Les auteurs de l’étude définissent la « diversité » selon quatre groupes : les minorités
visibles, les personnes handicapées, celles s’identifiant à un genre autre qu’homme ou
femme et celles appartenant à la communauté 2ELGBTQIA+. En comparaison avec les
membres « non issus de la diversité », ces personnes sont 1,8 fois plus nombreuses à
subir des préjugés (45% « versus » 25%), 2,2 fois plus nombreuses à vivre du
harcèlement (24% « versus » 11%) et 2,4 fois plus nombreuses de la discrimination
(29% « versus » 12%).

Parallèlement à ces résultats, les auteurs ont créé un « indice d’actes préjudiciables »
pour relever si un membre sondé avait été « victime » ou « témoin » de préjugés, de
harcèlement ou de discrimination. Avec un indice de 1,77, les femmes constituent le
groupe démographique étant le plus susceptible d’être confronté à des actes
préjudiciables au travail.

La conséquence immédiate : les membres de la diversité ne se sentent pas libres de
vivre ou d’affirmer leur identité au travail. En effet, 37 % des répondants 2ELGBTQIA+,
40% des minorités ethniques et 36% des femmes ont déclaré avoir vécu « une
expérience inconfortable » en abordant un sujet lié à leur identité.

Quelles sont les solutions ?

Dans un autre volet du rapport, les auteurs ont demandé aux membres de l’OIQ de
proposer des actions pour redresser la situation. Il est à noter qu’une initiative telle que
« viser la parité et la représentativité dans les instances de gouvernance » (20%) —
souvent discutée par les grandes firmes — est venue bien après le fait « d’élaborer un
programme d’EDI [équité, diversité et inclusion] » (34%), de « favoriser la conciliation
vie professionnelle-vie personnelle » (32%) ou « d’accroître les communications autour
des principes EDI » (26%).

L’étude formule également des « recommandations » envers l’OIQ, dont la création
d’une « boîte à outils » pour aider les firmes d’ingénierie à adopter des pratiques
inclusives. Depuis mars dernier, l’Ordre des ingénieurs du Québec (OIQ) travaille donc à
l’élaboration d’un « Guide pour employeur pour un milieu de travail plus diversifié,
inclusif et équitable ». Ce guide sera publié « avant la fin du mois de juin », nous a
assuré l’Ordre.

Pour se sentir « soi-même » au travail

Les questions d’EDI sont discutées dans la sphère publique depuis plusieurs années.
On peut donc s’attendre à ce que les grandes firmes de génie aient déjà engagé des
actions dans ce dossier. Selon Rébecka Fortin, directrice régionale des relations
publiques de Stantec au Québec, sa firme a pris le virage de l’inclusivité il y a environ
une décennie, en incluant les questions d’EDI dans son plan stratégique.
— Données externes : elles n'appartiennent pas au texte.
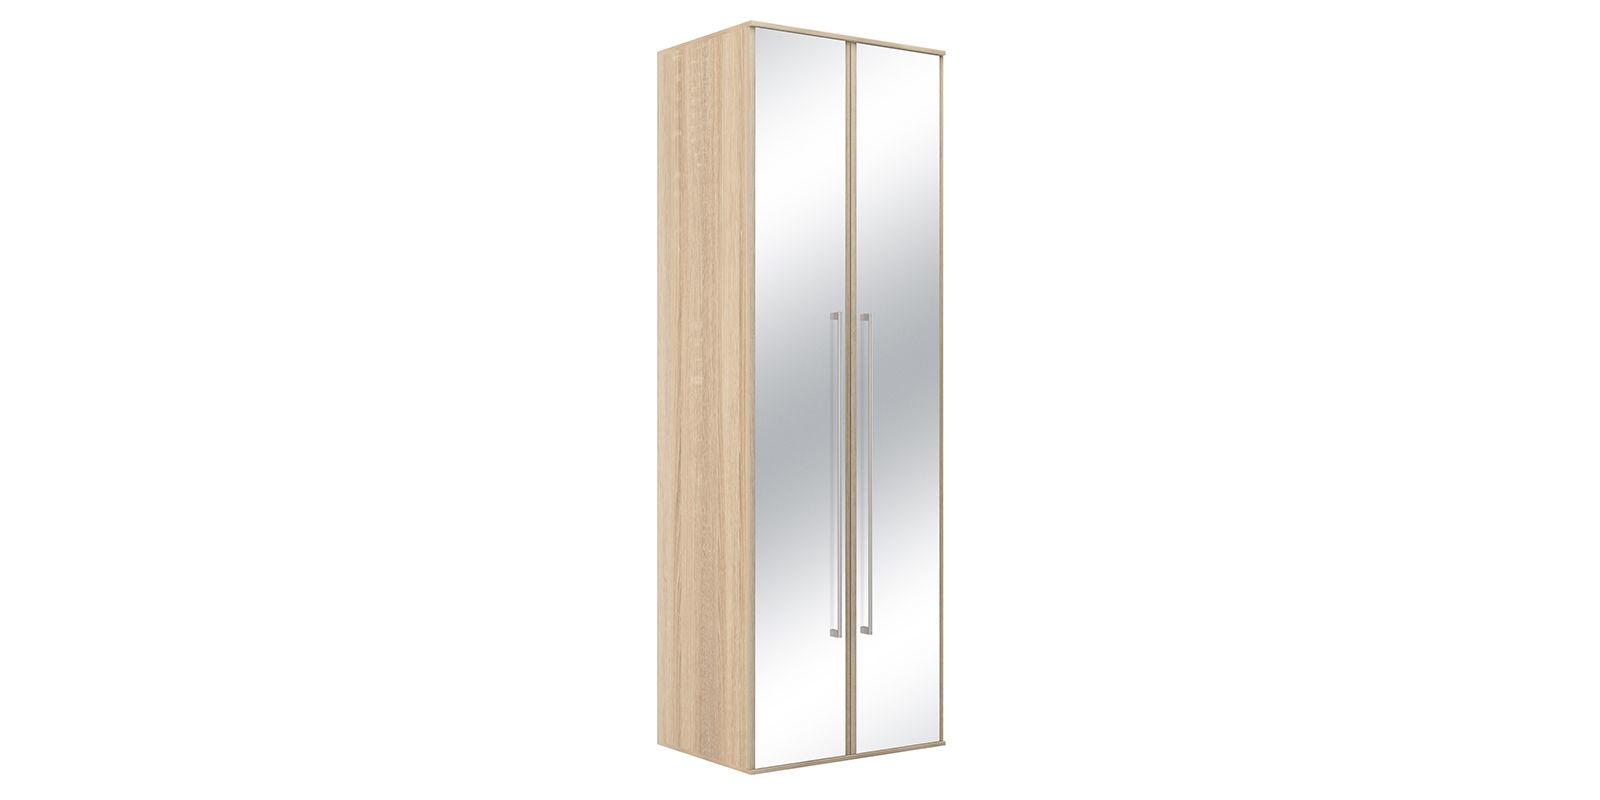 Шкаф распашной двухдверный Бали вариант №1 (дуб сонома/зеркальный)

Il y a deux ans, la firme a créé un « groupe de ressources pour employés » baptisé
« Fierté@Stantec », visant à soutenir les employés appartenant à la
communauté 2ELGBTQIA+. Ce comité a coordonné plusieurs initiatives internes,
notamment des formations données en partenariat avec Interligne et GRIS-Montréal, et
une première participation de Stantec au Défilé de la fierté à Montréal. « C’est un lieu de
collaboration et d’échange tant pour les gens de la communauté que les alliés », précise
Rébecka Fortin, mentionnant que des employés parents d’un enfant « en transition » ont
pu trouver un « safe space » pour aborder le sujet.
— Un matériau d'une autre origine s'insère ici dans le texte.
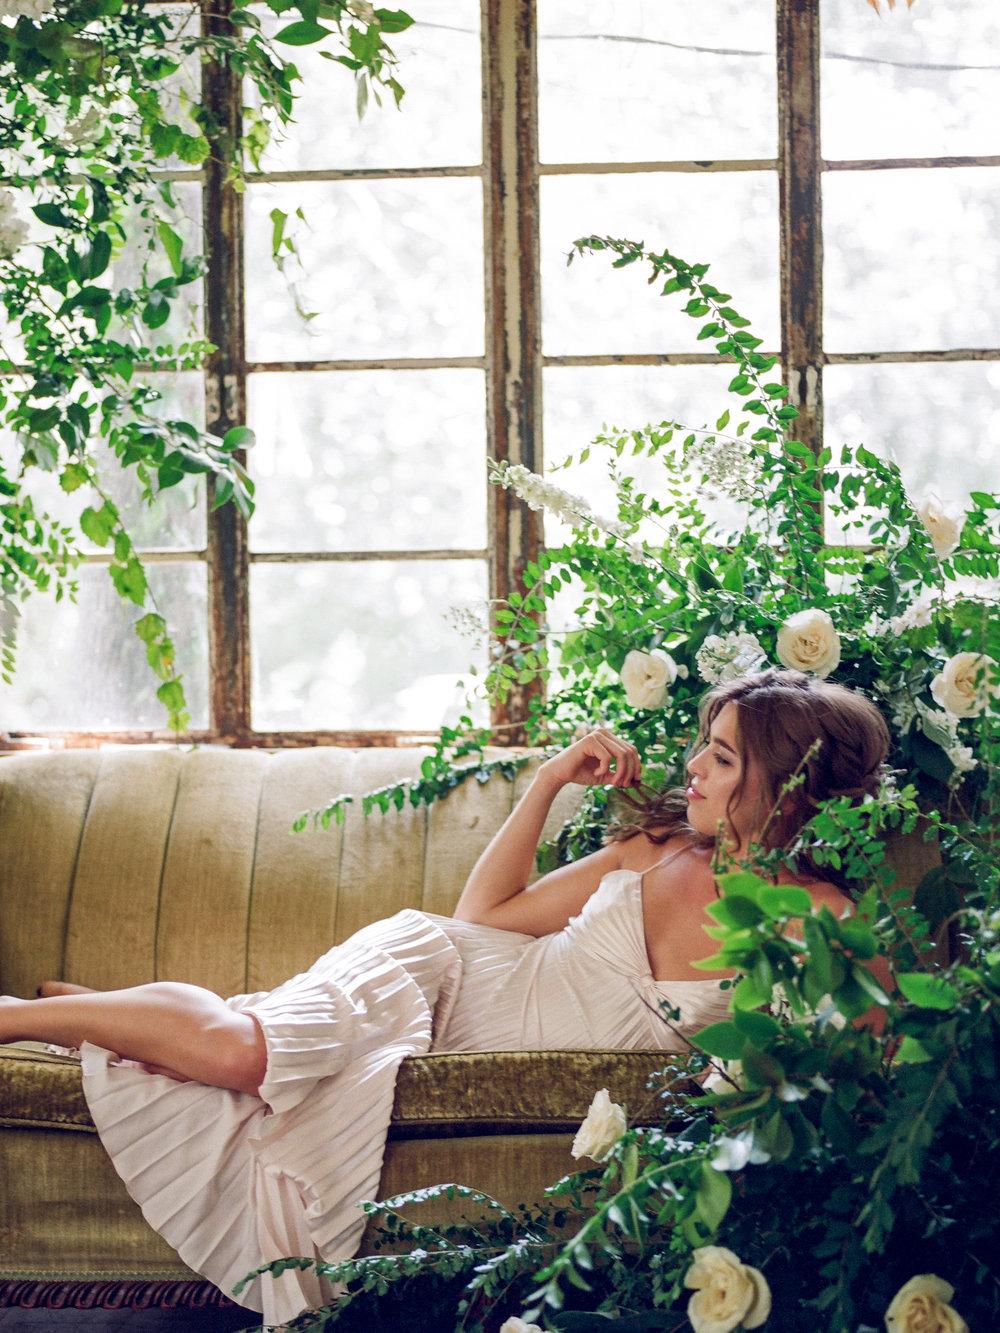 tallahassee_florist_fine_art_boudoir_inspiration_moonstruck_florals.jpg

Décrit comme un leader « inclusif » lors de sa nomination en mai dernier, le nouveau
vice-président responsable de l’équipe du Québec pour Stantec, Stephen Montminy,
nous a expliqué comment le comité Fierte@Stantec avait un effet positif dans
l’organisation. « Ça peut paraître anodin, mais si une personne n’est pas à l’aise de
parler de son orientation lors d’une conversation de machine à café, la moitié de son
cerveau sera toujours préoccupée par ce qu’elle peut dire ou non. Pour que ces
personnes se sentent bien au travail, il faut leur offrir des occasions d’exprimer leur
identité. » On comprend que le comité joue un rôle crucial à cet égard.